[GIVEN MATERIAL — start]

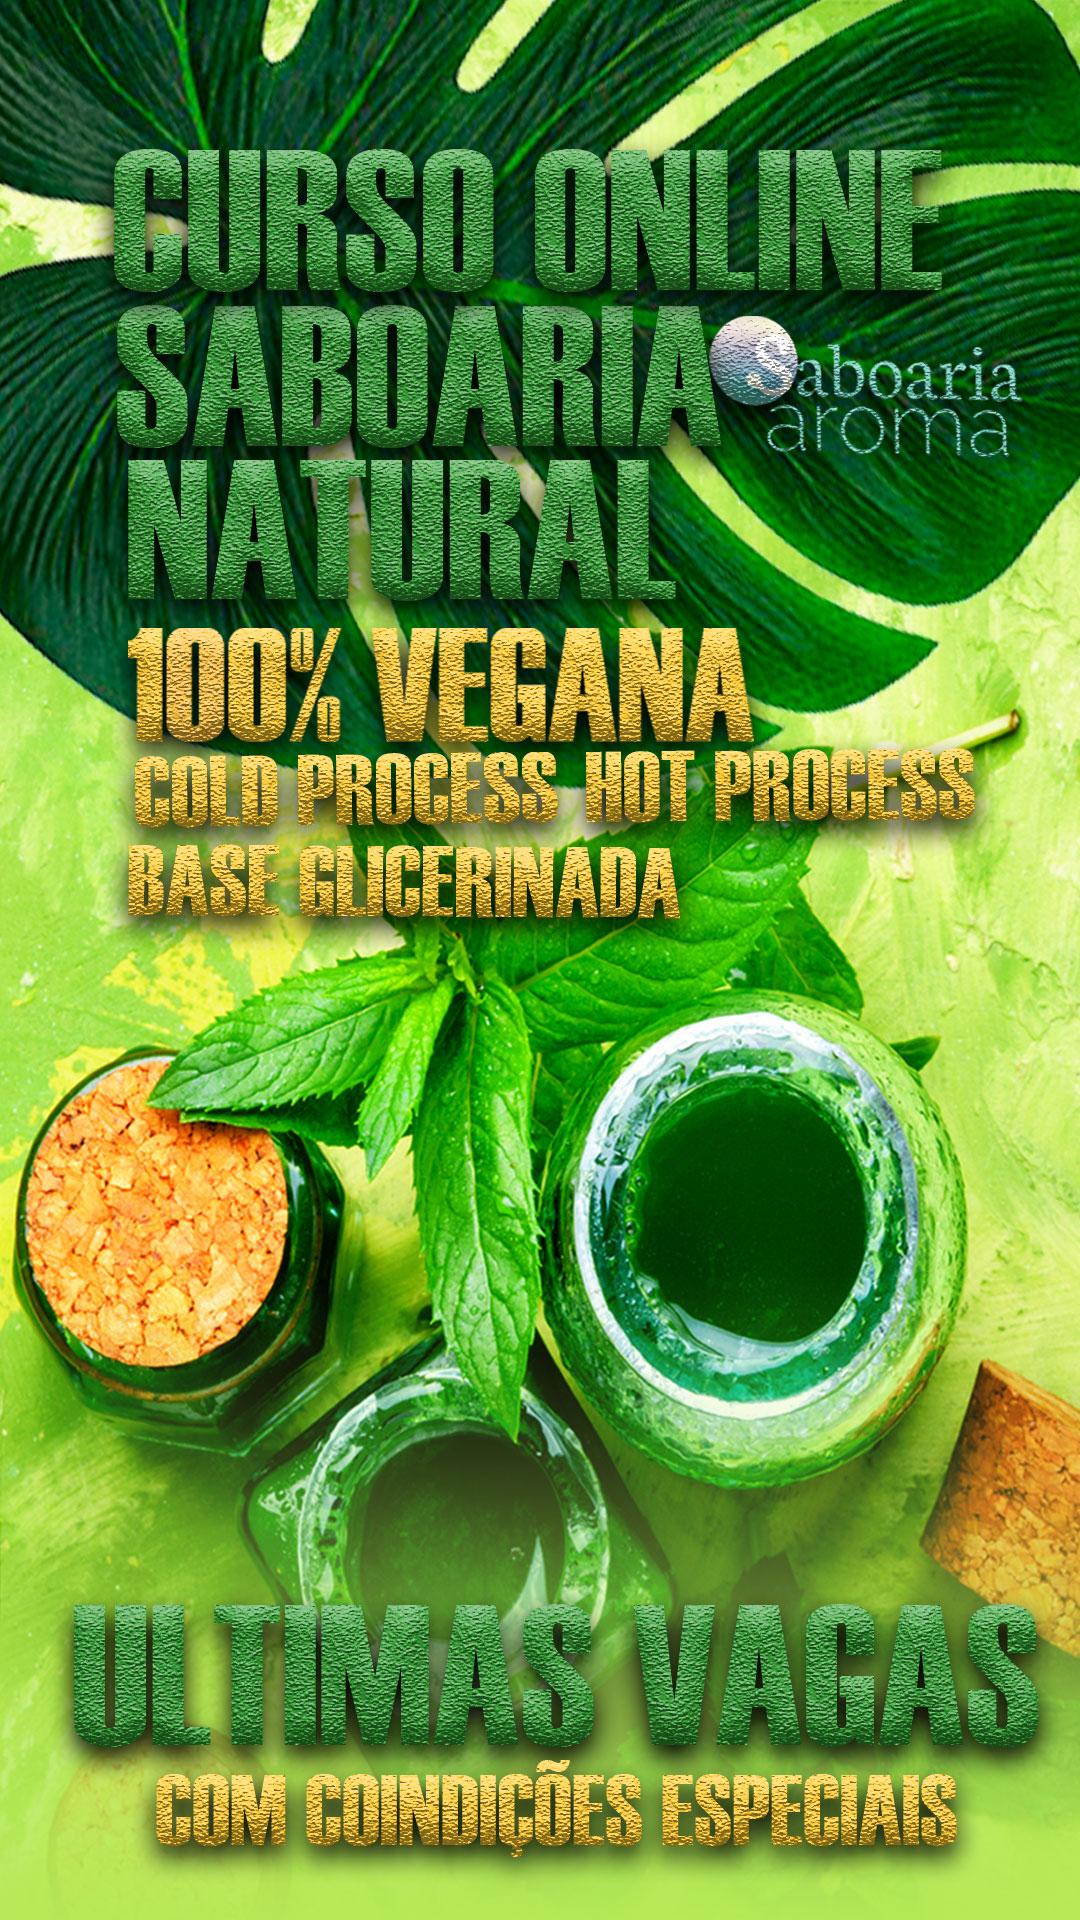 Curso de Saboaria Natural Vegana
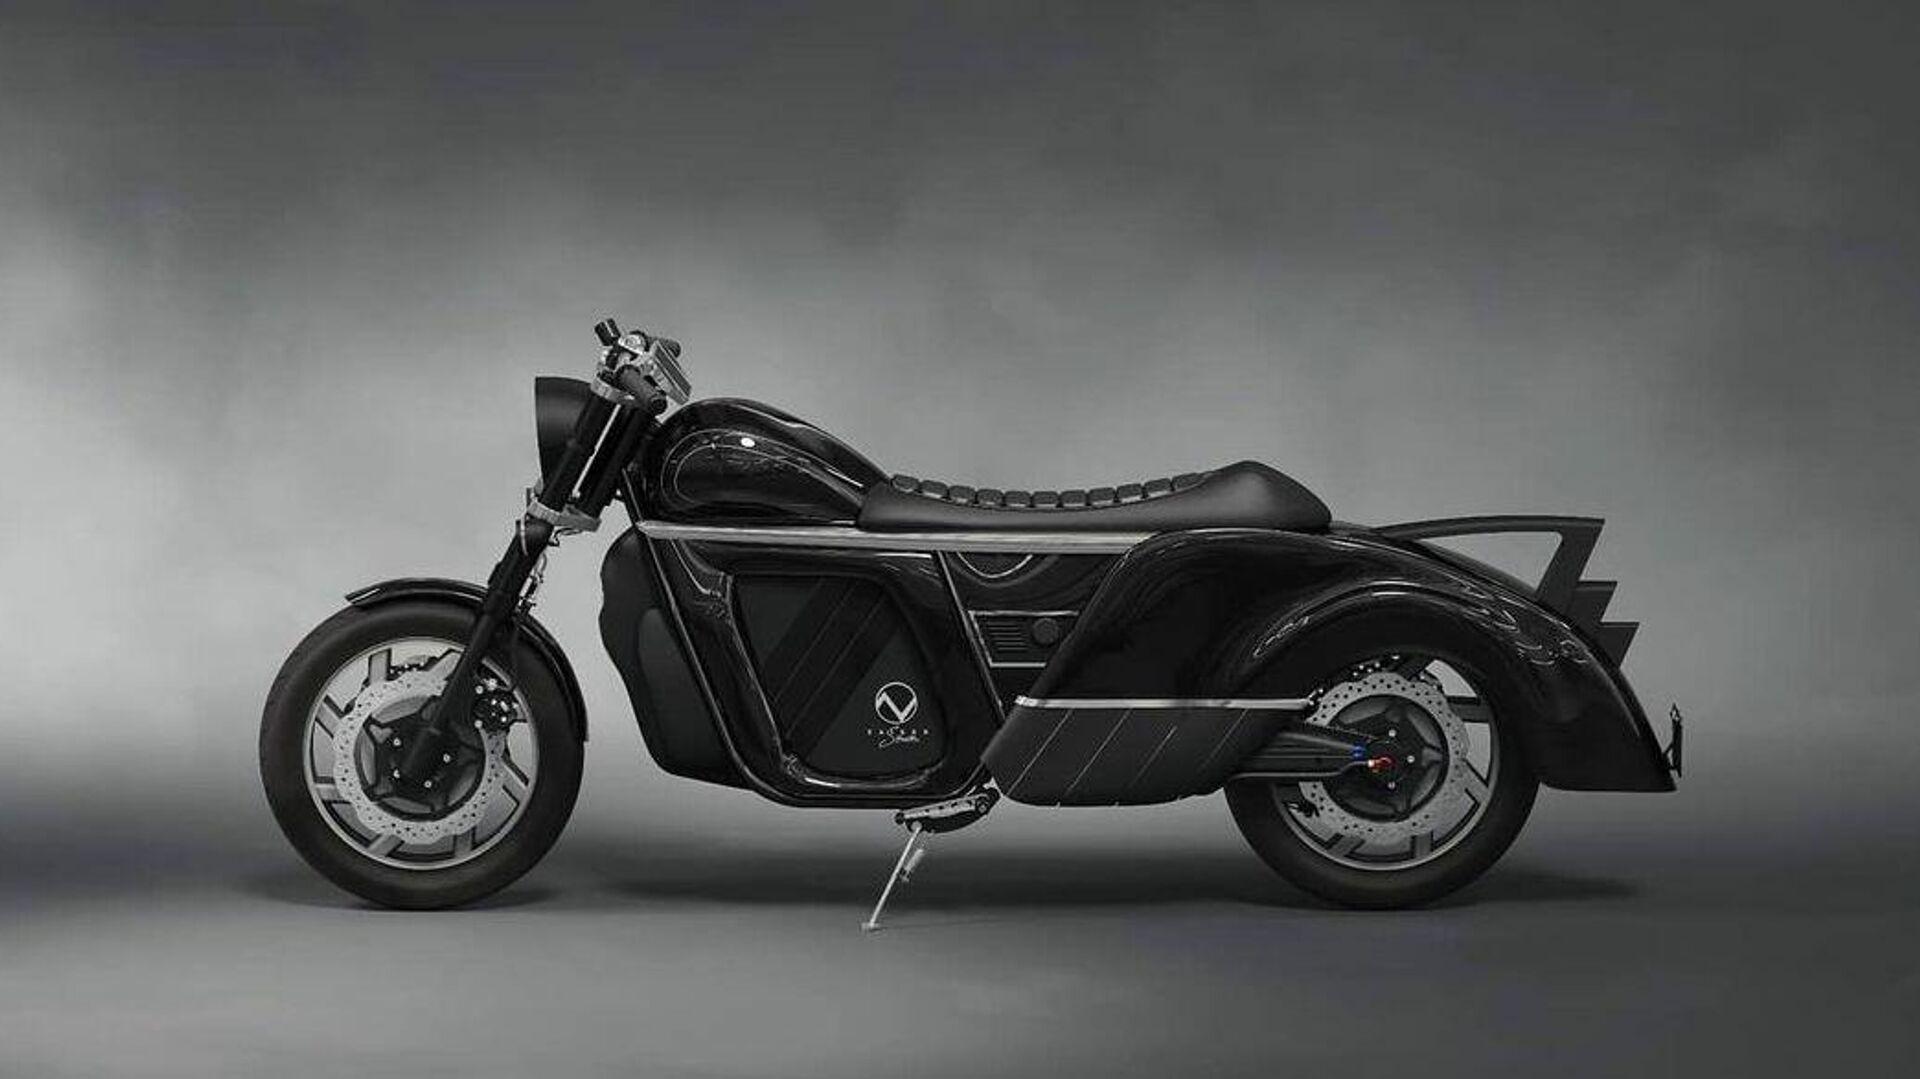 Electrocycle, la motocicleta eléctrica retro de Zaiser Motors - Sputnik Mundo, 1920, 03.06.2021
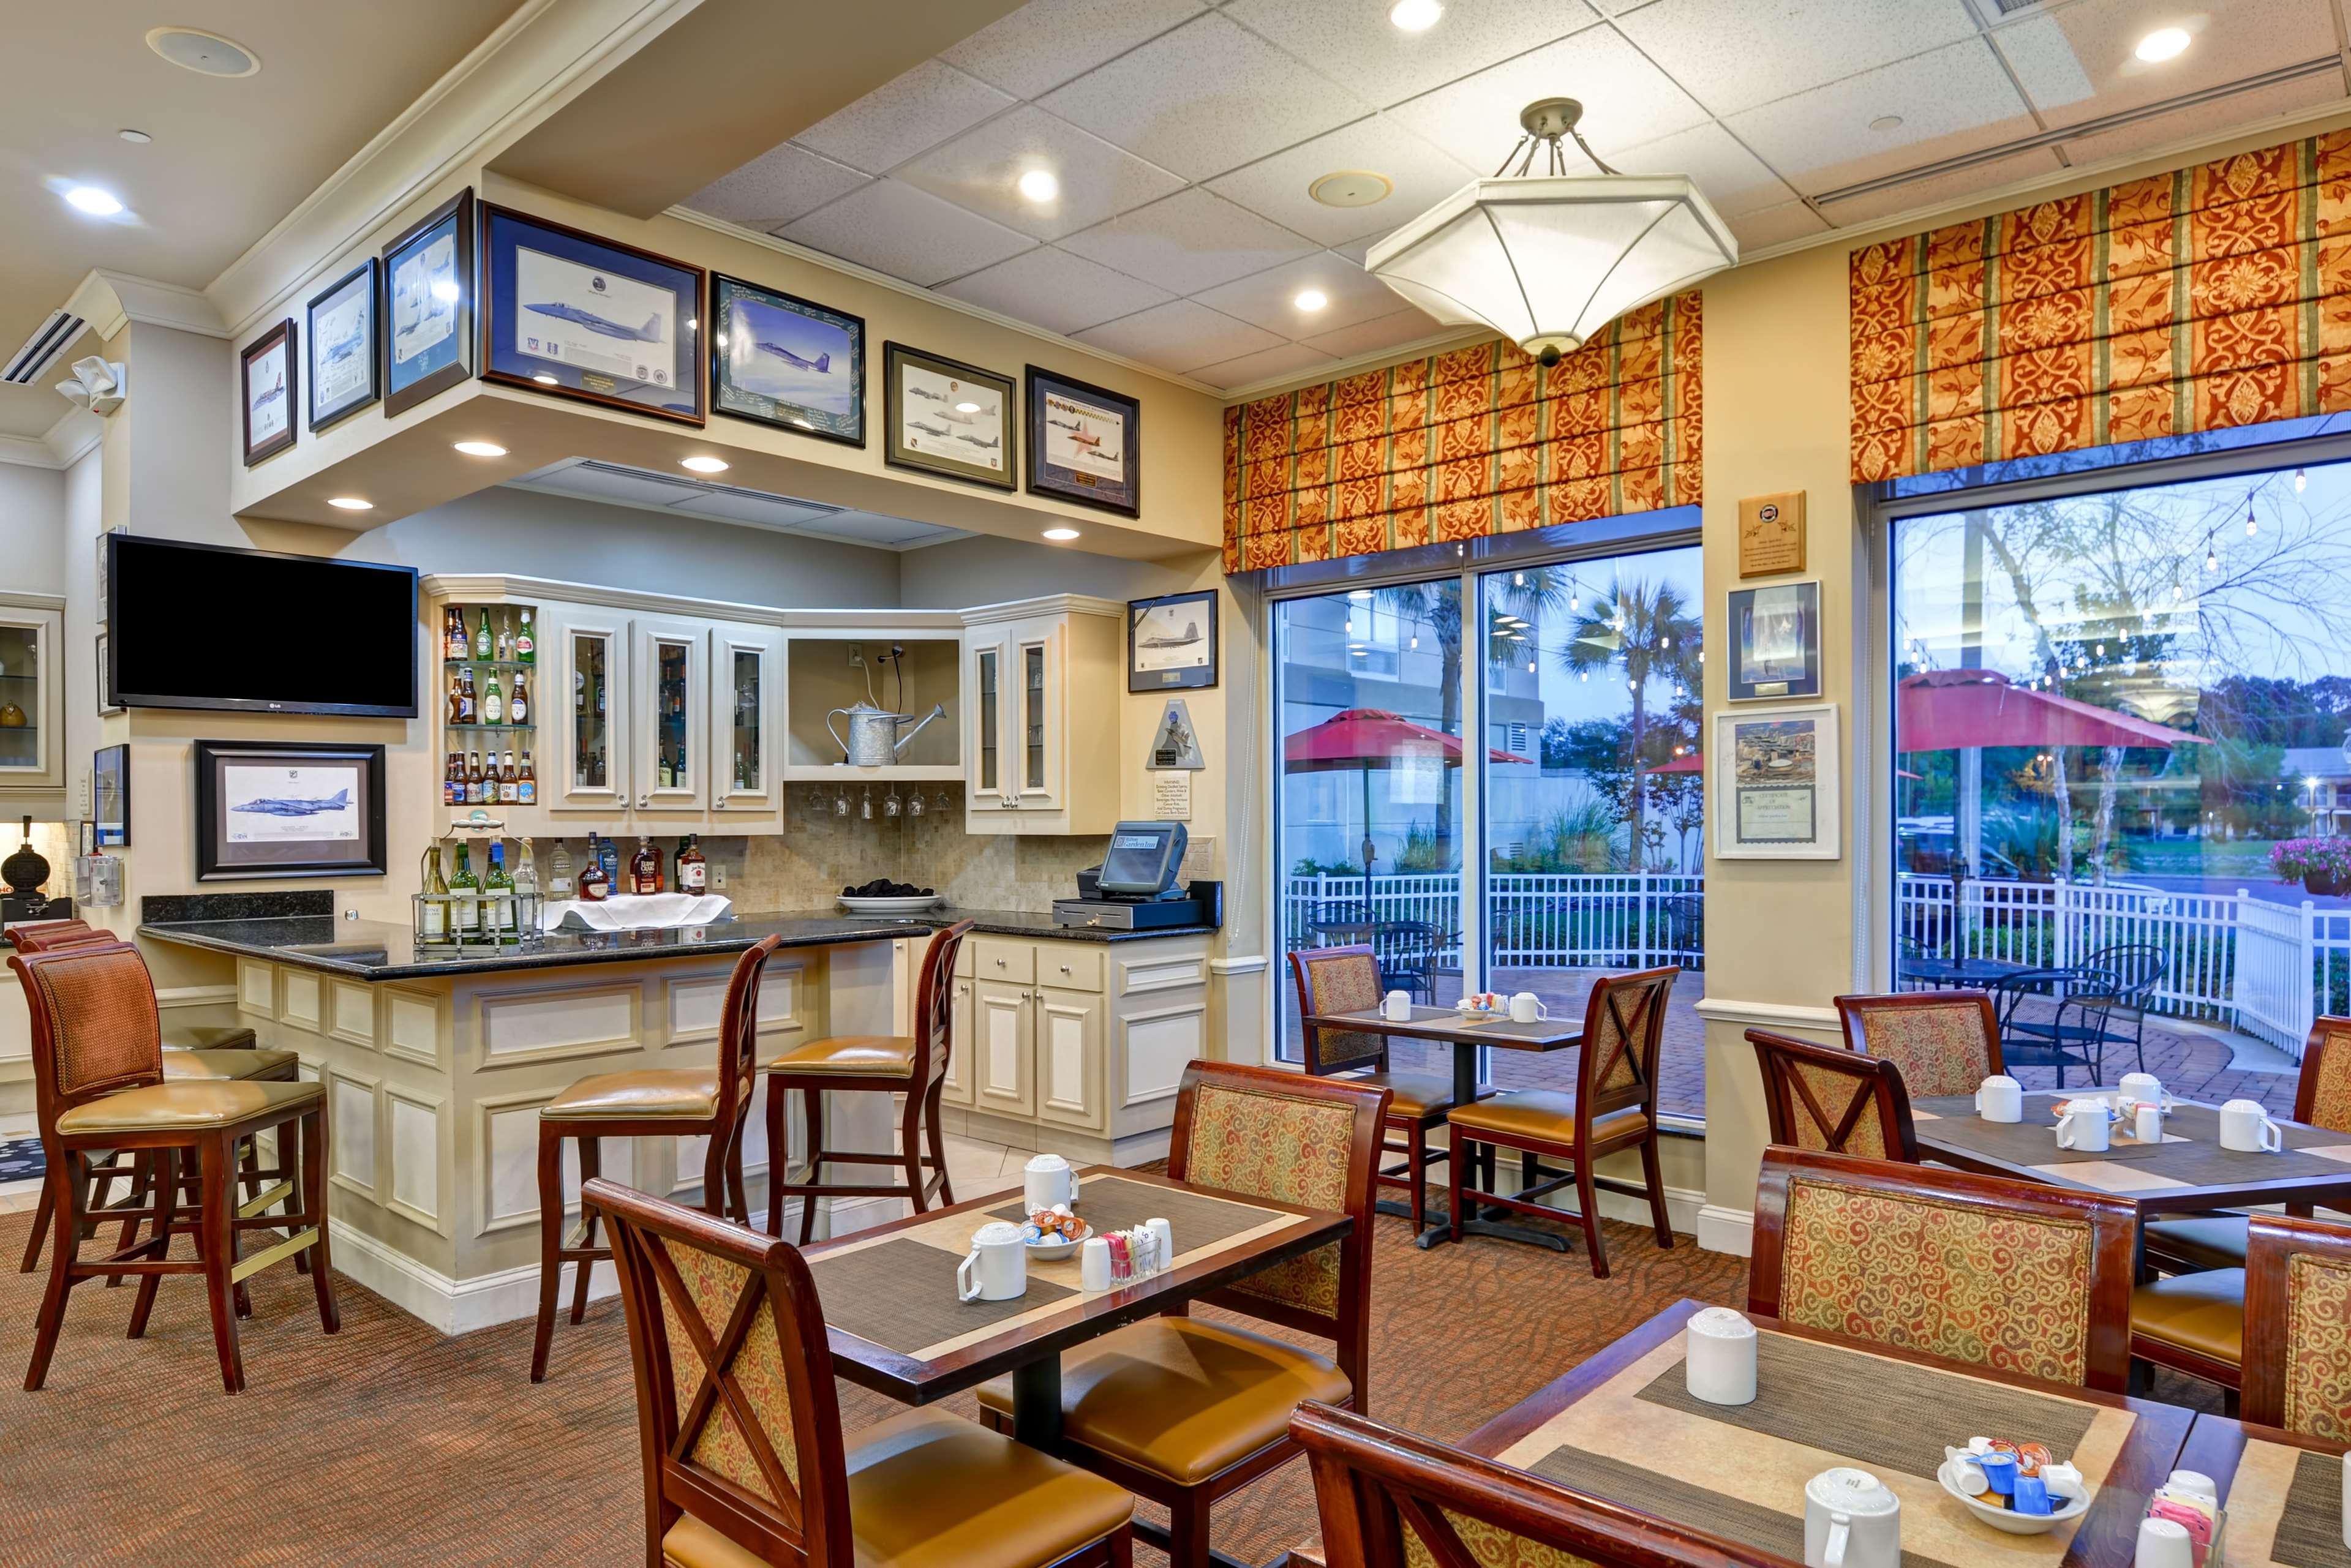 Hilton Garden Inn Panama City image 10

[GIVEN MATERIAL — finish]

_WORK TO COMPLETE_.
All of the data above must be printed exactly, minus its pictures.

_ANSWER TO THIS PROBLEM_.
 Curso de Saboaria Natural Vegana
 Electrocycle, la motocicleta eléctrica retro de Zaiser Motors - Sputnik Mundo, 1920, 03.06.2021
 Hilton Garden Inn Panama City image 10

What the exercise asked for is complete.